» **TASK**: Copy exactly the lines of the material below that fall between the line with "A blue wall, sketched" and the line with "The image shows", both of those lines included; pictures stay out.

» **RECORD SET**:
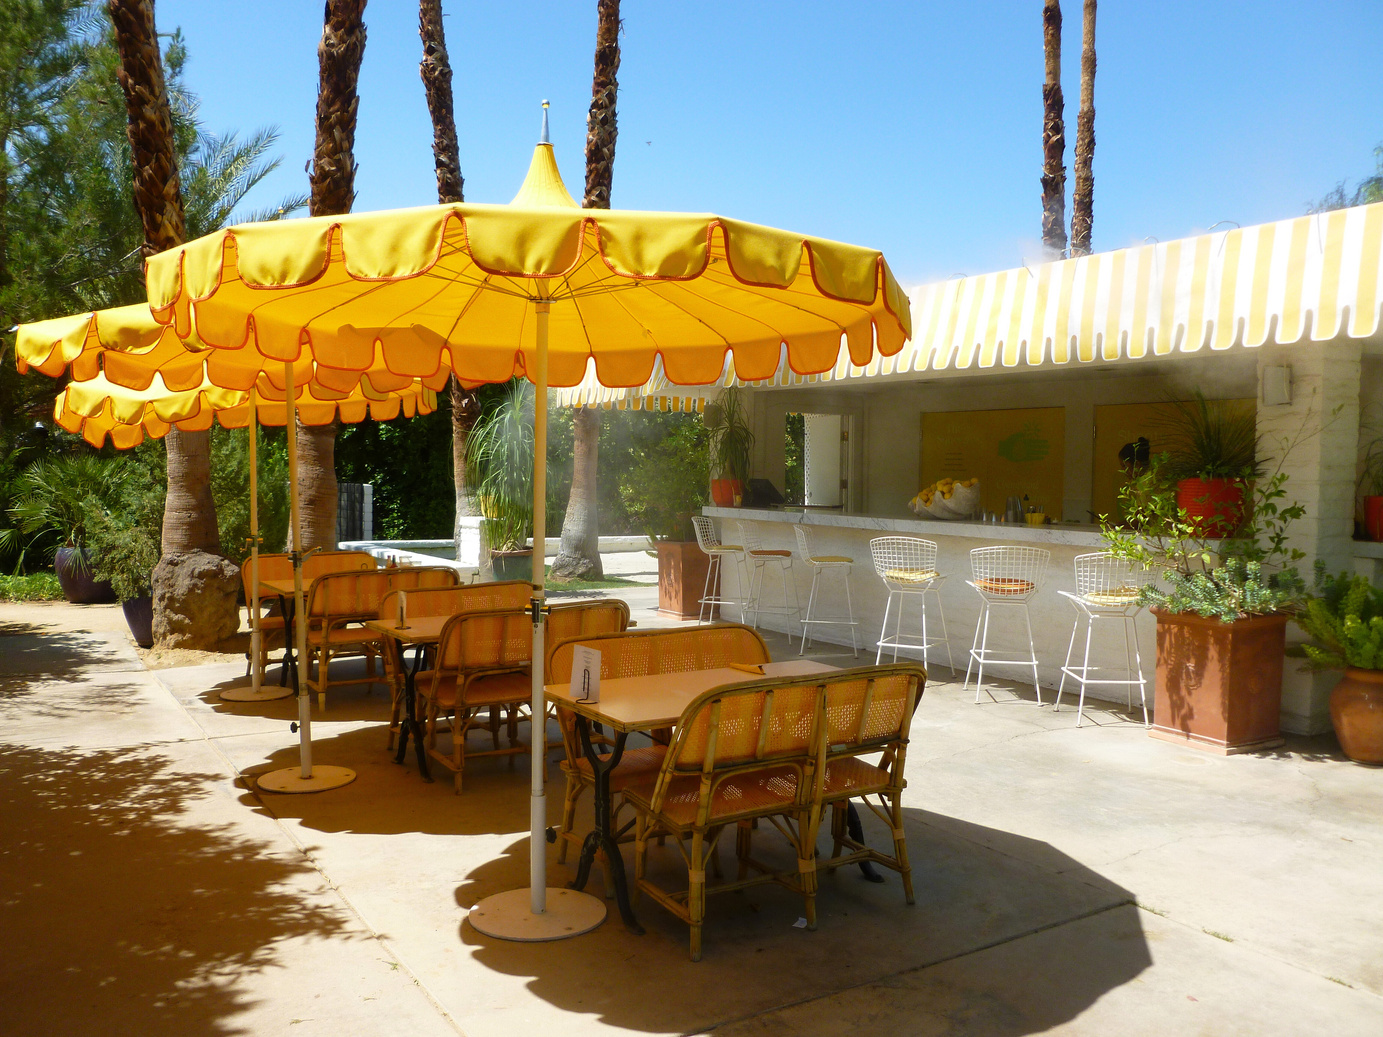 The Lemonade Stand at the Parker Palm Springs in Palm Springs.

---

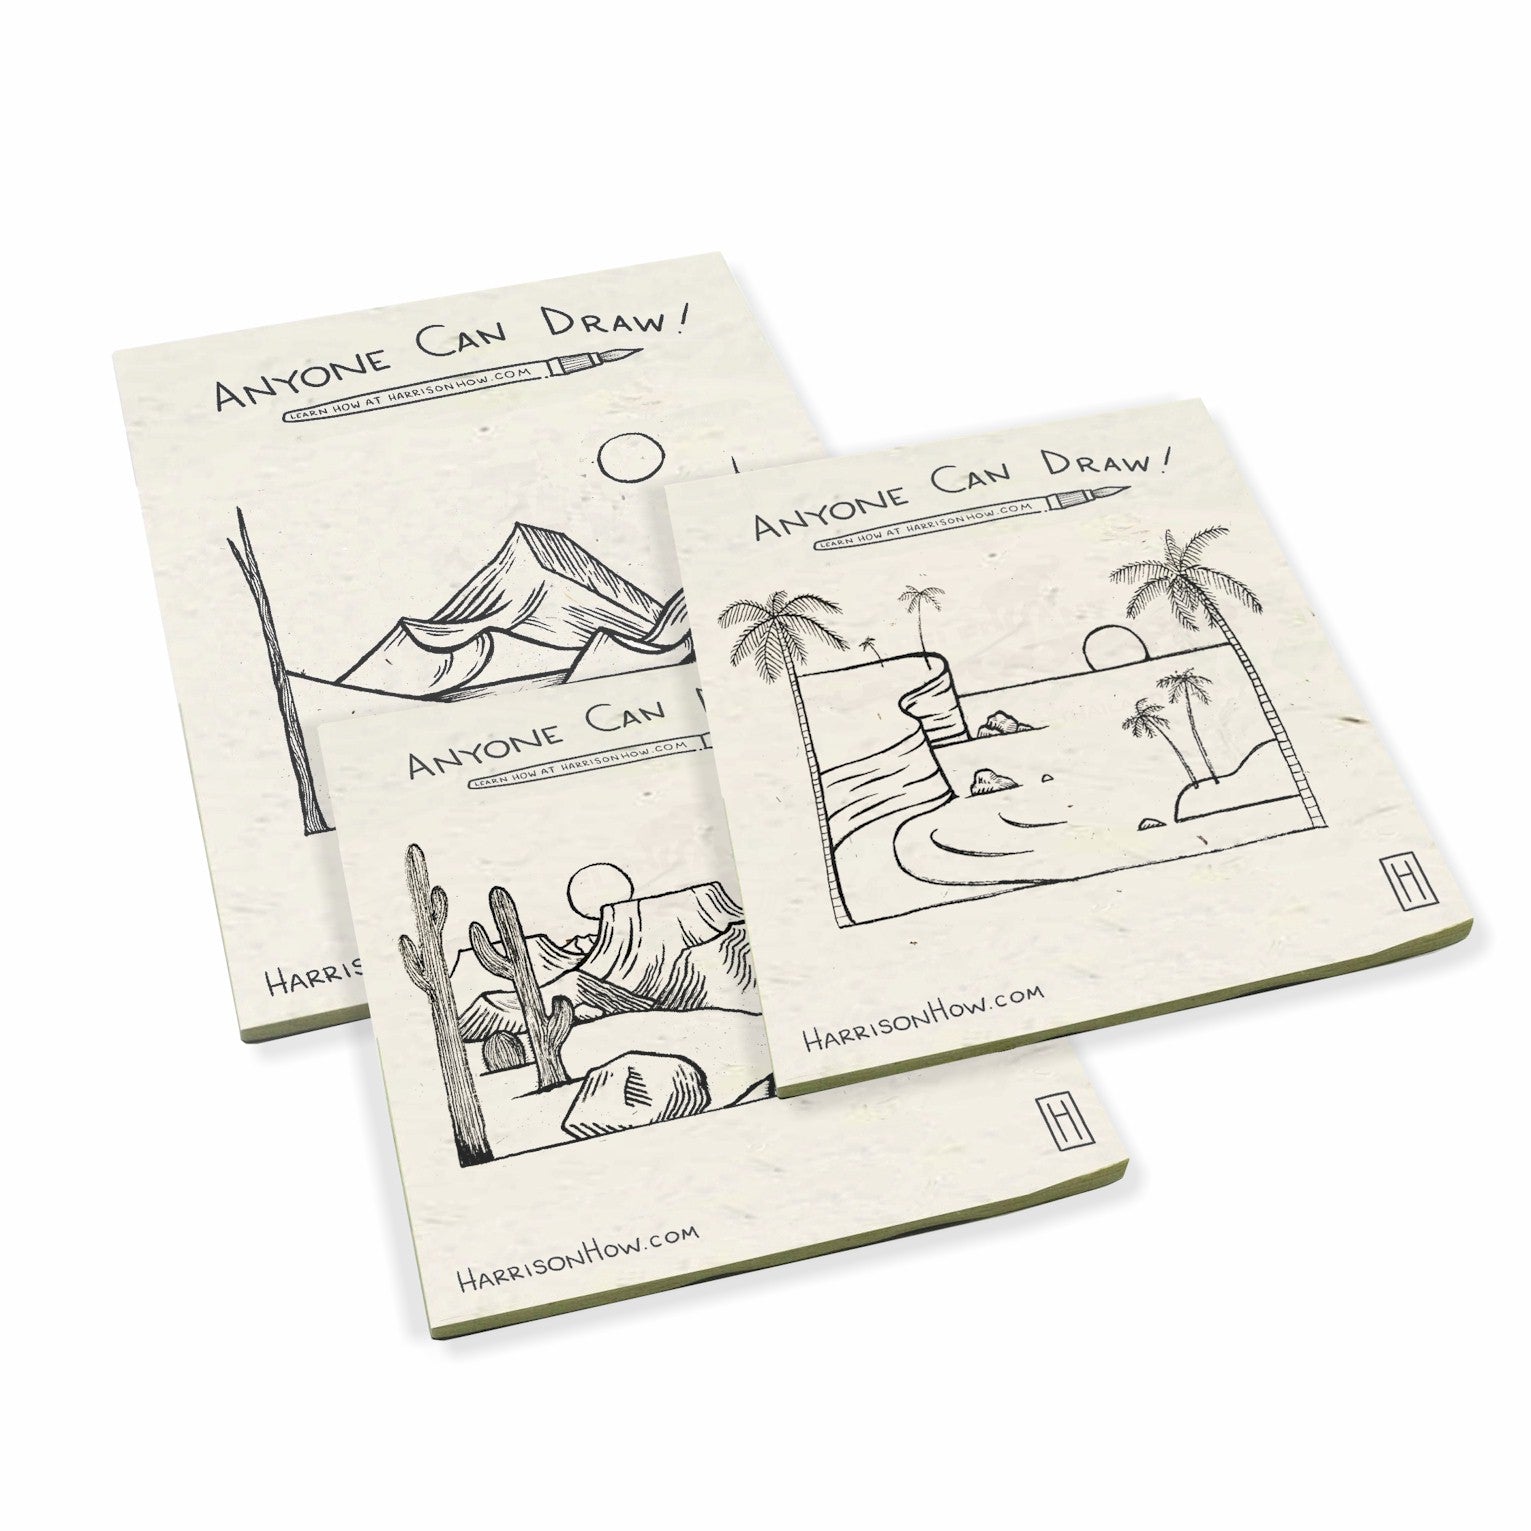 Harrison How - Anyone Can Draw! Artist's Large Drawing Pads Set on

* * *

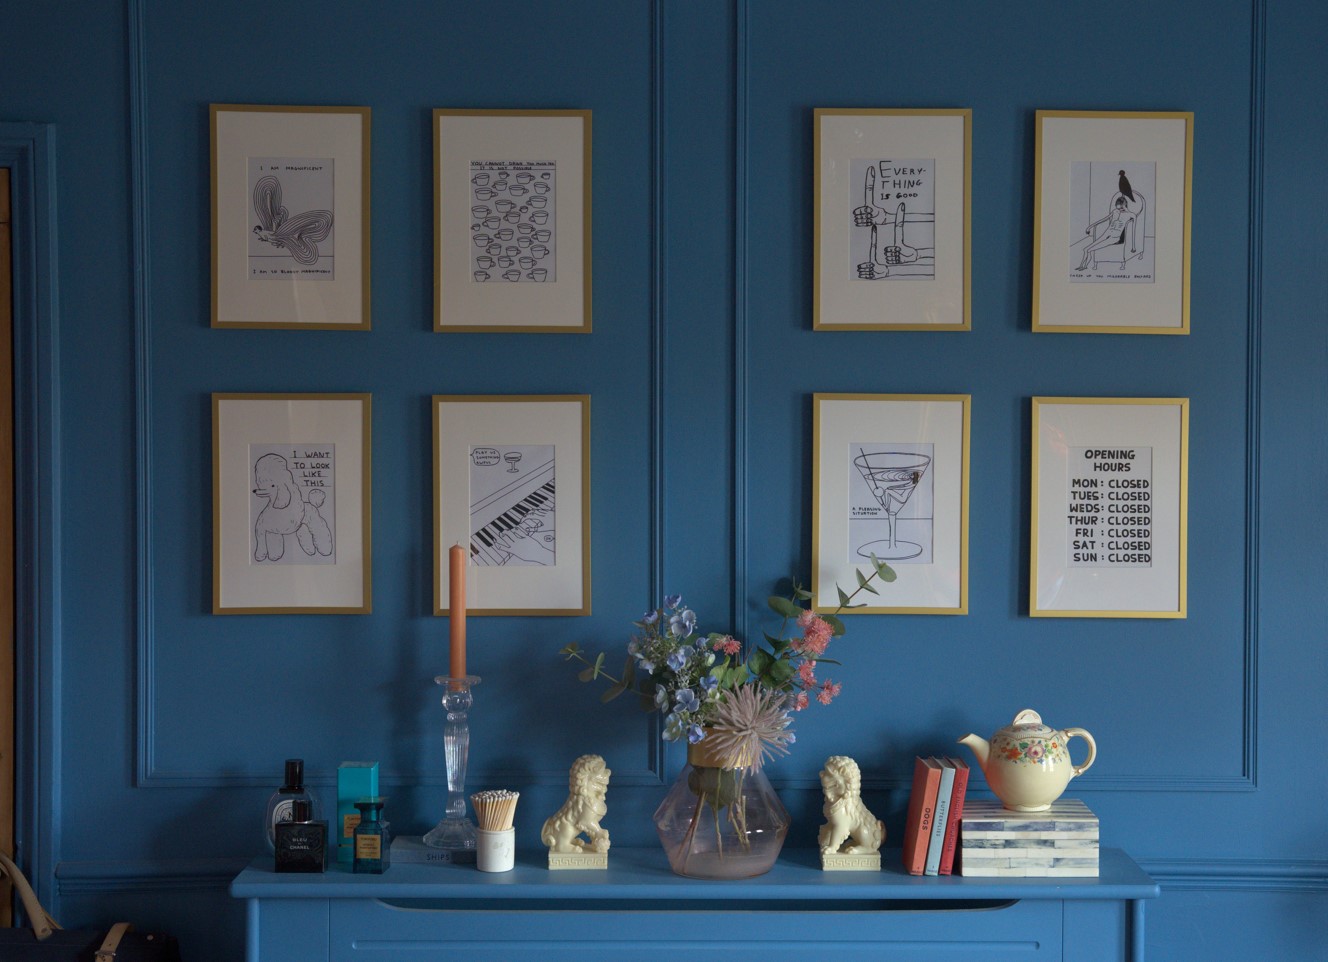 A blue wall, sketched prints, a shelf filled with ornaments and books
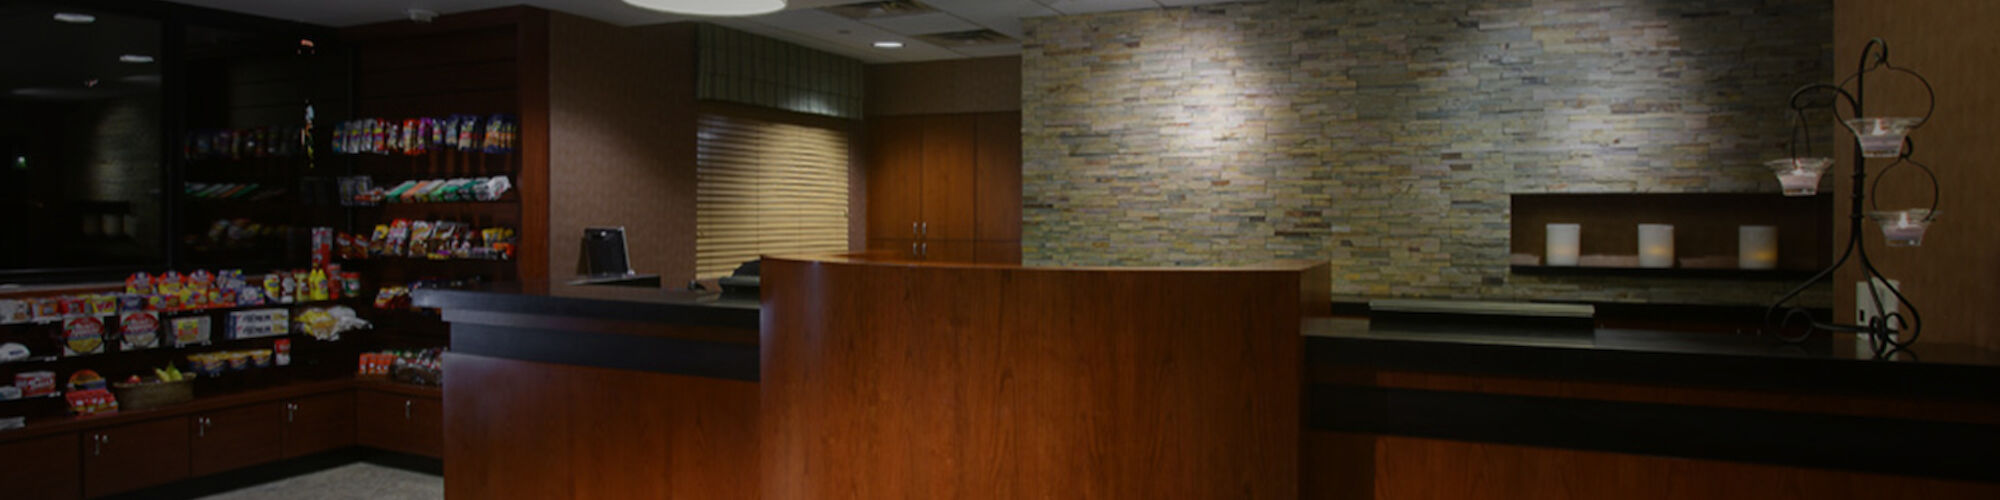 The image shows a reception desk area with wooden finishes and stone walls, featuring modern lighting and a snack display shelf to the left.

» **RESPONSE AREA**:
 A blue wall, sketched prints, a shelf filled with ornaments and books
 The image shows a reception desk area with wooden finishes and stone walls, featuring modern lighting and a snack display shelf to the left.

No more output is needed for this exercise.